Here's an example of the weird markings from the brindle/tri crosses. It looks as if the background faded to white and all that's
left is the brindling.



This boy a a variegated fox that came from a tri pairing that carried c^h. His dad is marked like this all over. One thing for sure, one will never see a tan tri.


----------



## moustress (Sep 25, 2009)

I'm sad to report that Boytoy died last night; he's in the last pic in the last bunch of photos I posted. He was a real sweetie and a cuddlebuddy and will be sorely missed.


----------



## moustress (Sep 25, 2009)

I failed to answer question earlier in this thread about what a sable tri would look like. Yes, that might be quite interesting; I haven't seen a sbale around here for years, though. You've got me thinking.....thanks....here's picture of a young beige/tri doe. She's about five and a half weeks old.


----------



## Jack Garcia (Oct 9, 2009)

Cait's question clearly asked about A^y, not A^vy.
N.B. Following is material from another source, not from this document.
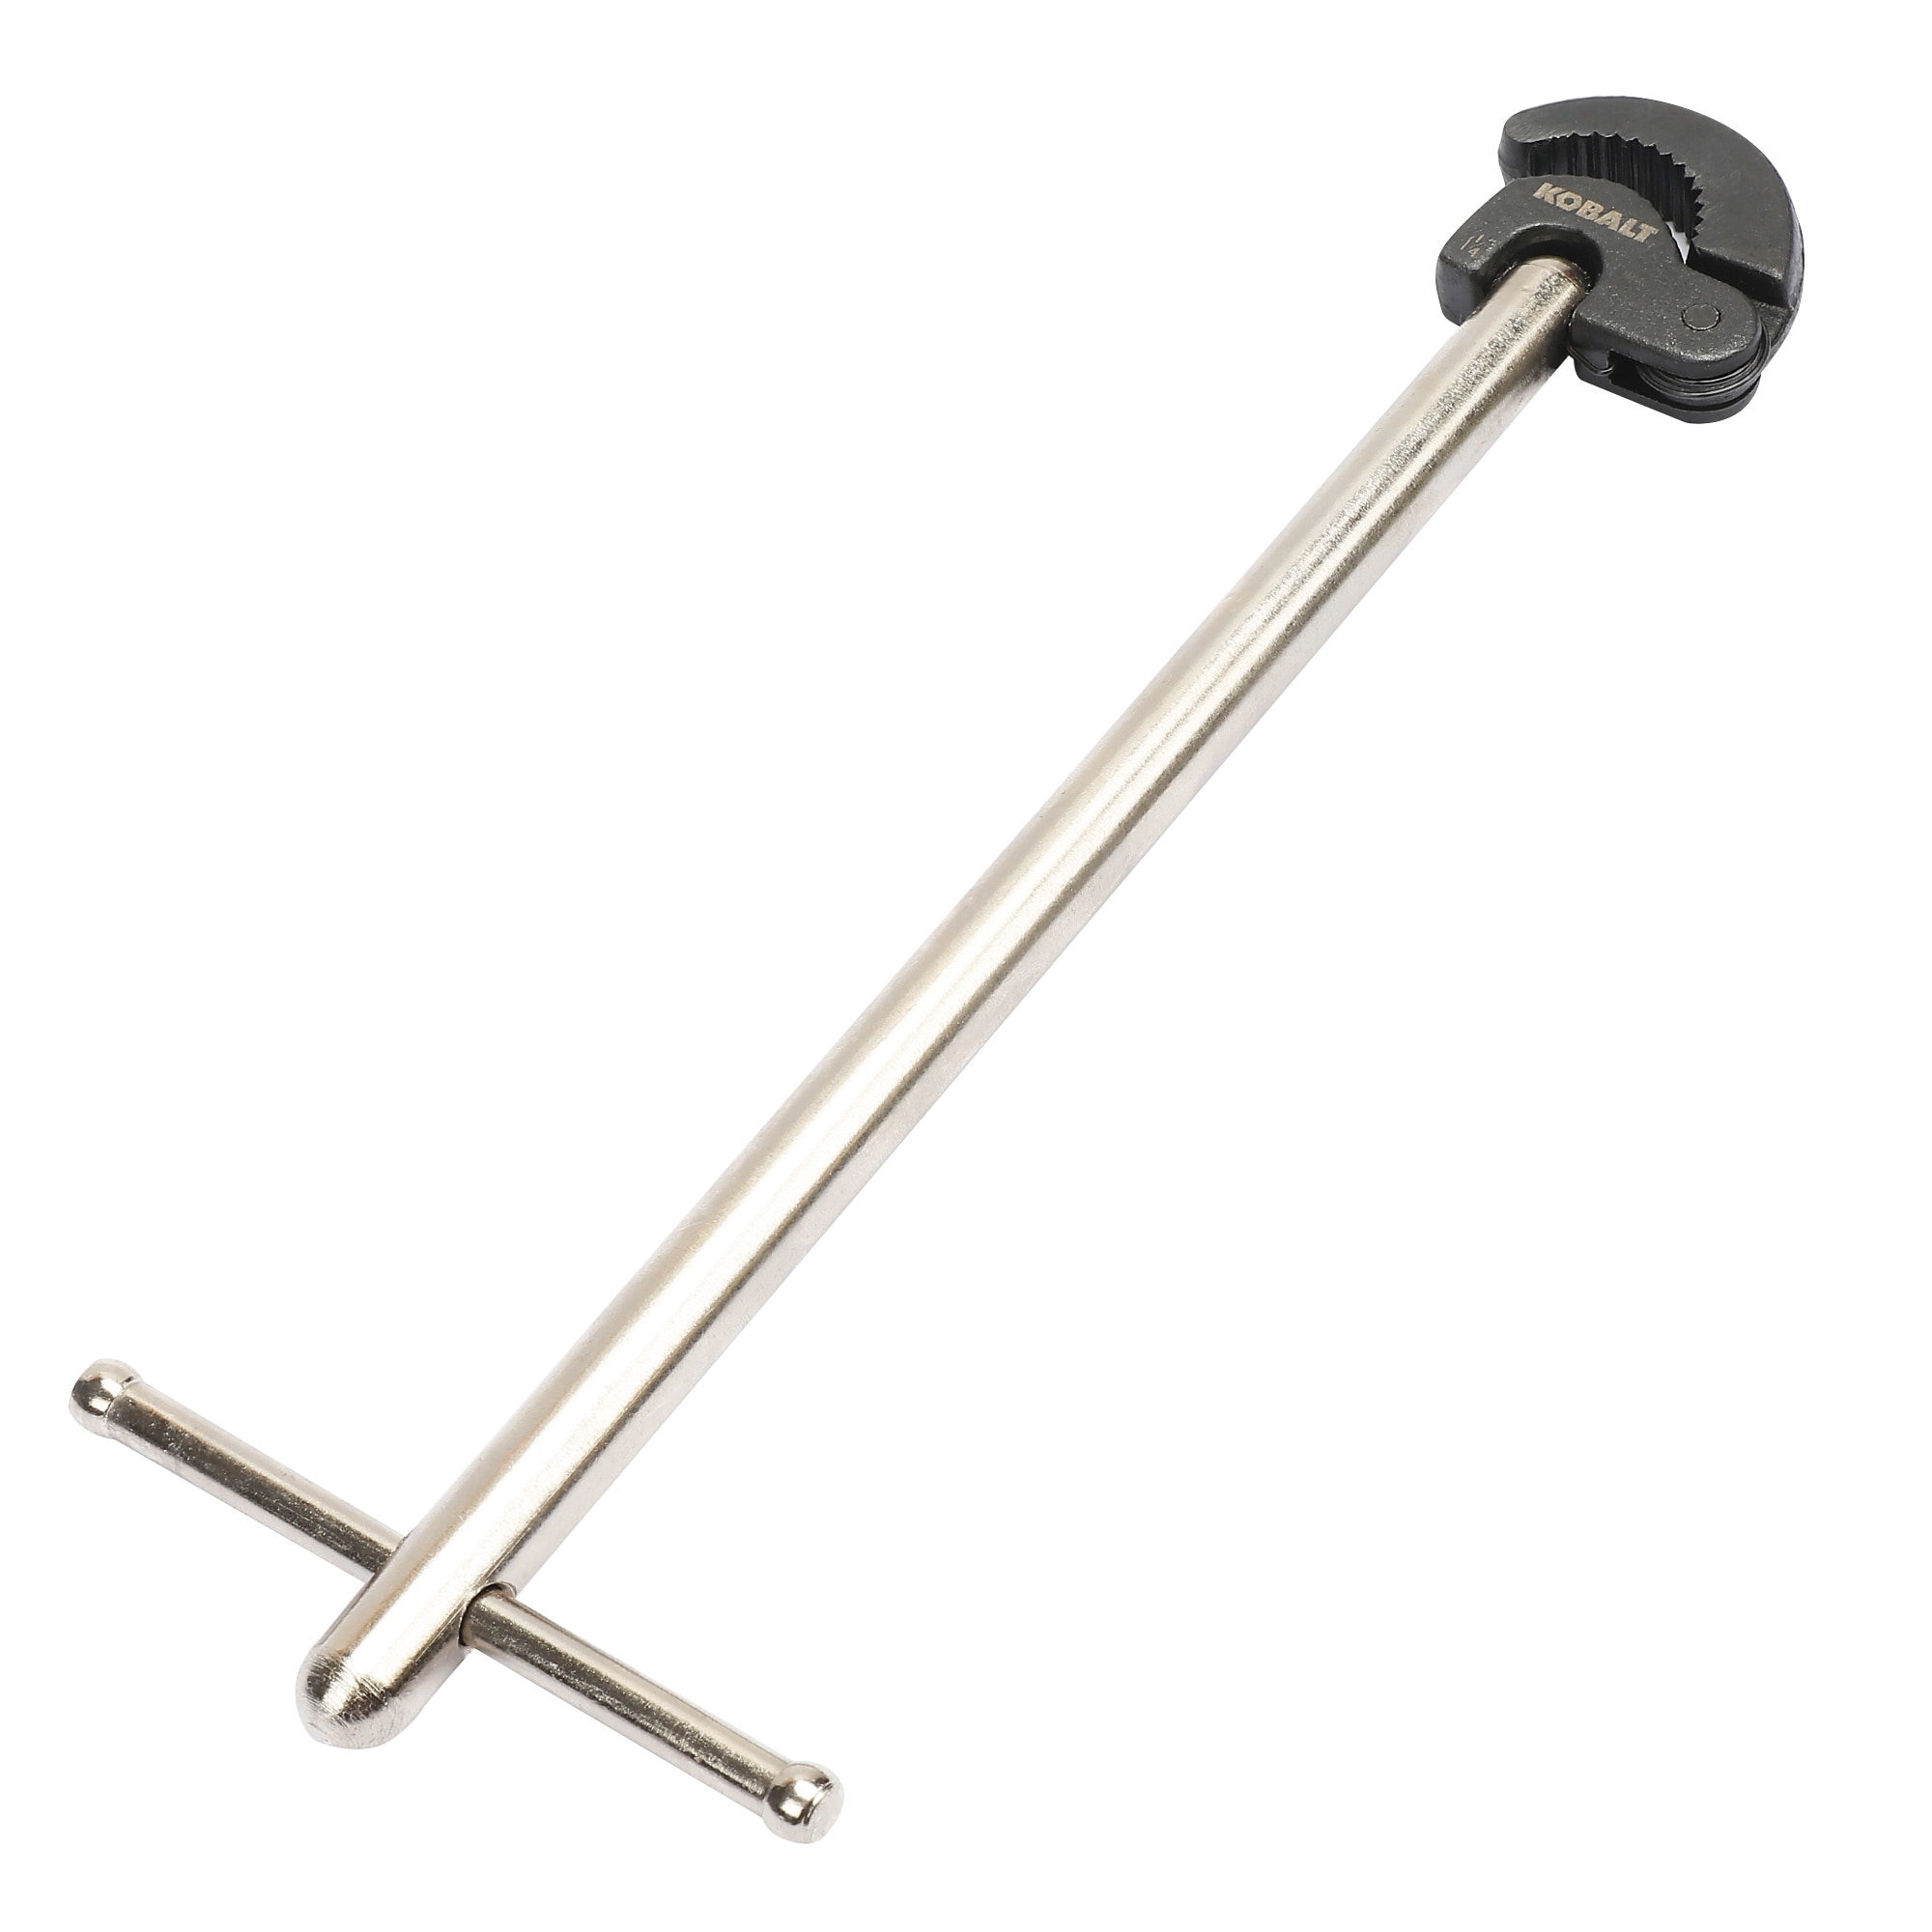 TEKTON Chrome Basin Wrench for Plumbing, Fits 3/8 to 1 inch Nuts

Sable cannot be made with A^vy.


----------



## moustress (Sep 25, 2009)

What's your point? Are you assuming I don't know the difference between Ay and Avy? I feel that you are being purposefully oppositional without being at all informative. :|


----------



## Jack Garcia (Oct 9, 2009)

Nope, I'm pointing out your error. I'd expect you to do the same. 

It's an easy error to make.


----------



## moustress (Sep 25, 2009)

You remind me of another guy I used to know who couldn't allow that a woman might know as much about something as he did. Again, I take exception, as you did not read my post well. I said nothing at all about A^vy producing sable. The reason I haven't seen one is years is that I no longer have any lethal yellow meeces. One can't maintain working lines of every type of meece.

:arrow: I try to be good.


----------



## Jack Garcia (Oct 9, 2009)

And you remind me of somebody who hated Mexicans. See? Same logic. It fails, because pointing out an error has nothing to do with gender (or ethnicity) whatsoever and everything to do with accuracy on the topic you're discussing.
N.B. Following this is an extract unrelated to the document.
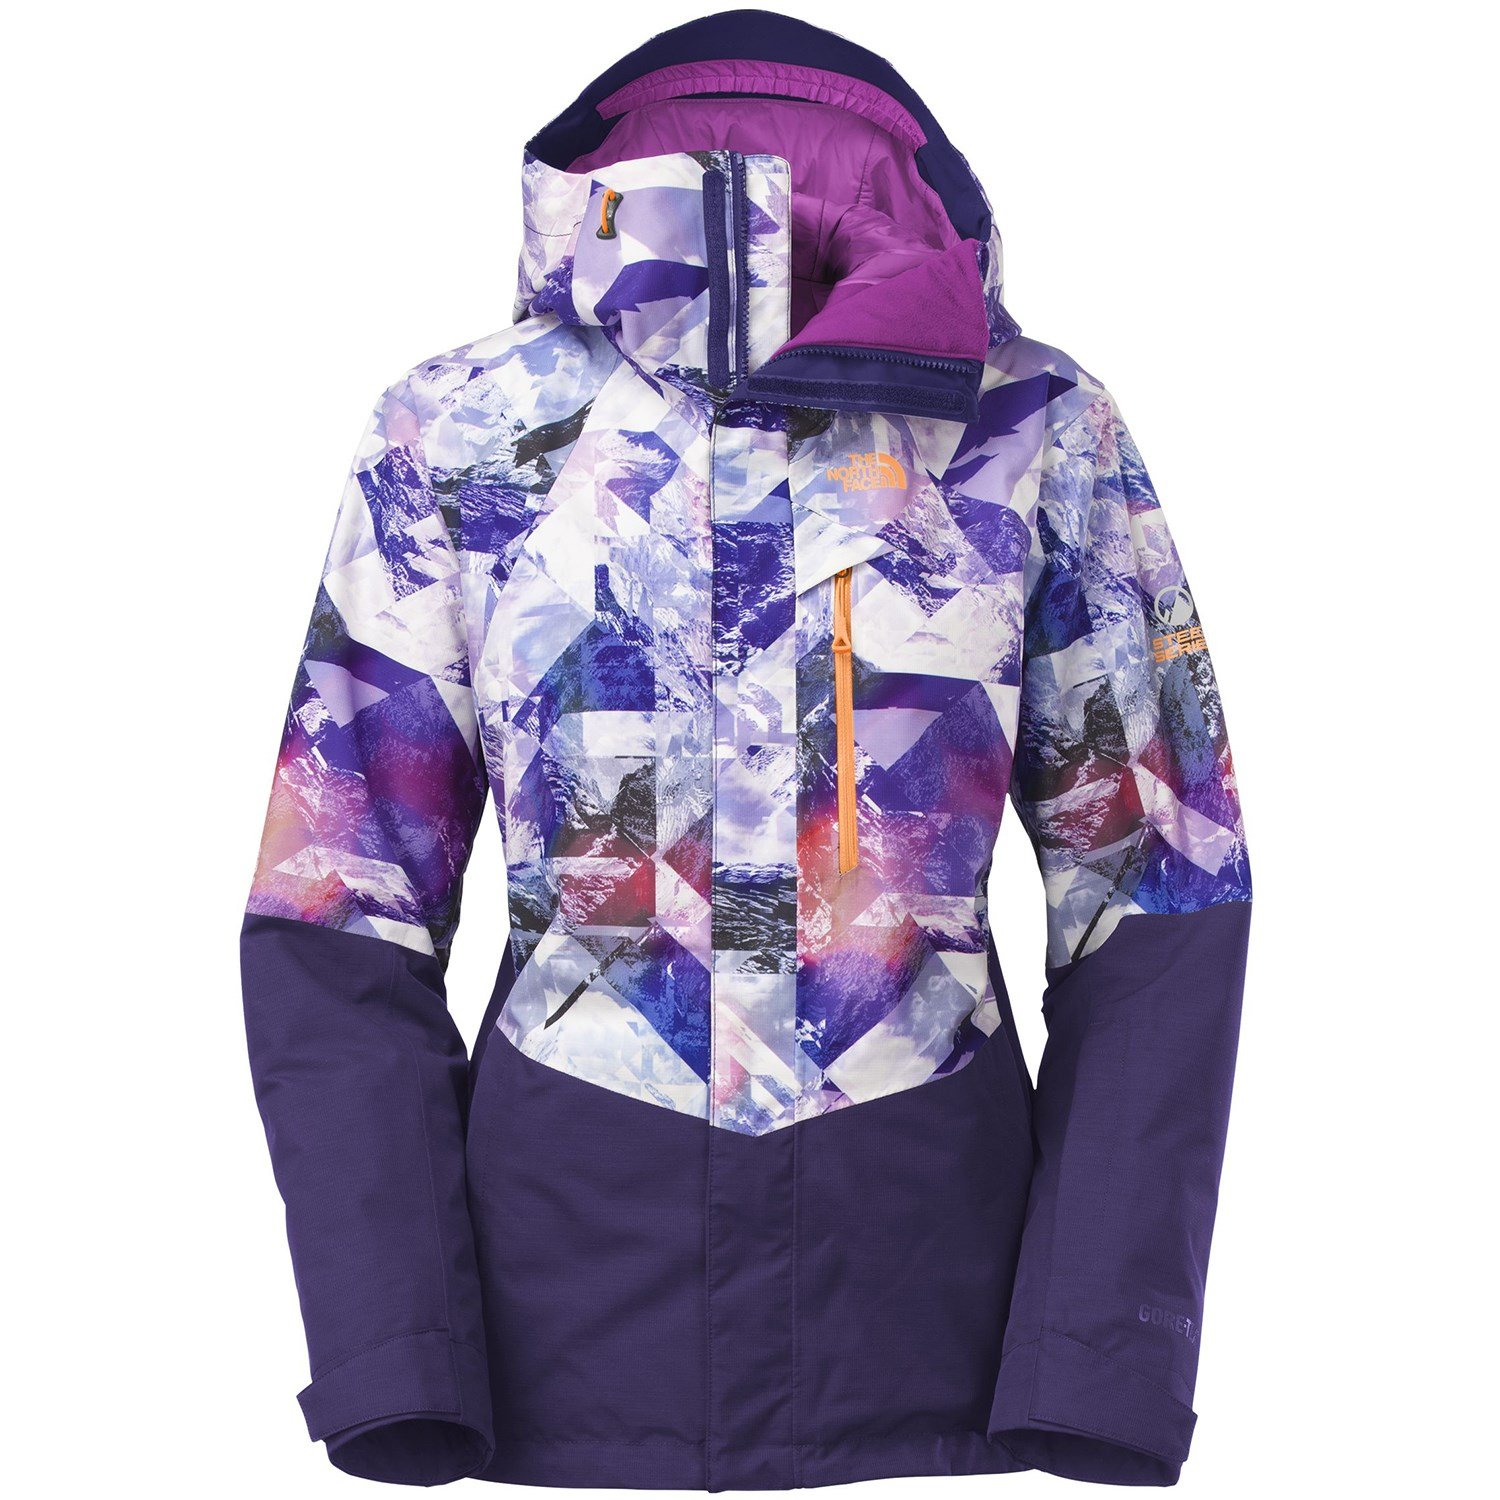 north face parka womens sale

When an error is pointed out to you, the proper thing to do is accept it graciously and move forward. 

So, let's move forward.


----------



## moustress (Sep 25, 2009)

'When an error is pointed out to you, the proper thing to do is accept it graciously and move on.'

I'm just looking for a clue as to why you seem to be so intent on showing me up. It's getting old. Why don't you just set the Forum to ignore my posts if you can't be cordial or at least polite. I appreciate meaningful criticism, but I don't think that's what's going on here. If it's just about being more right than I am, why bother? My most recent post about sables did not mention a specific type of allele. And since it's only blue-skying about what might be possible, why make a fuss?

Like I said, I try to be good.


----------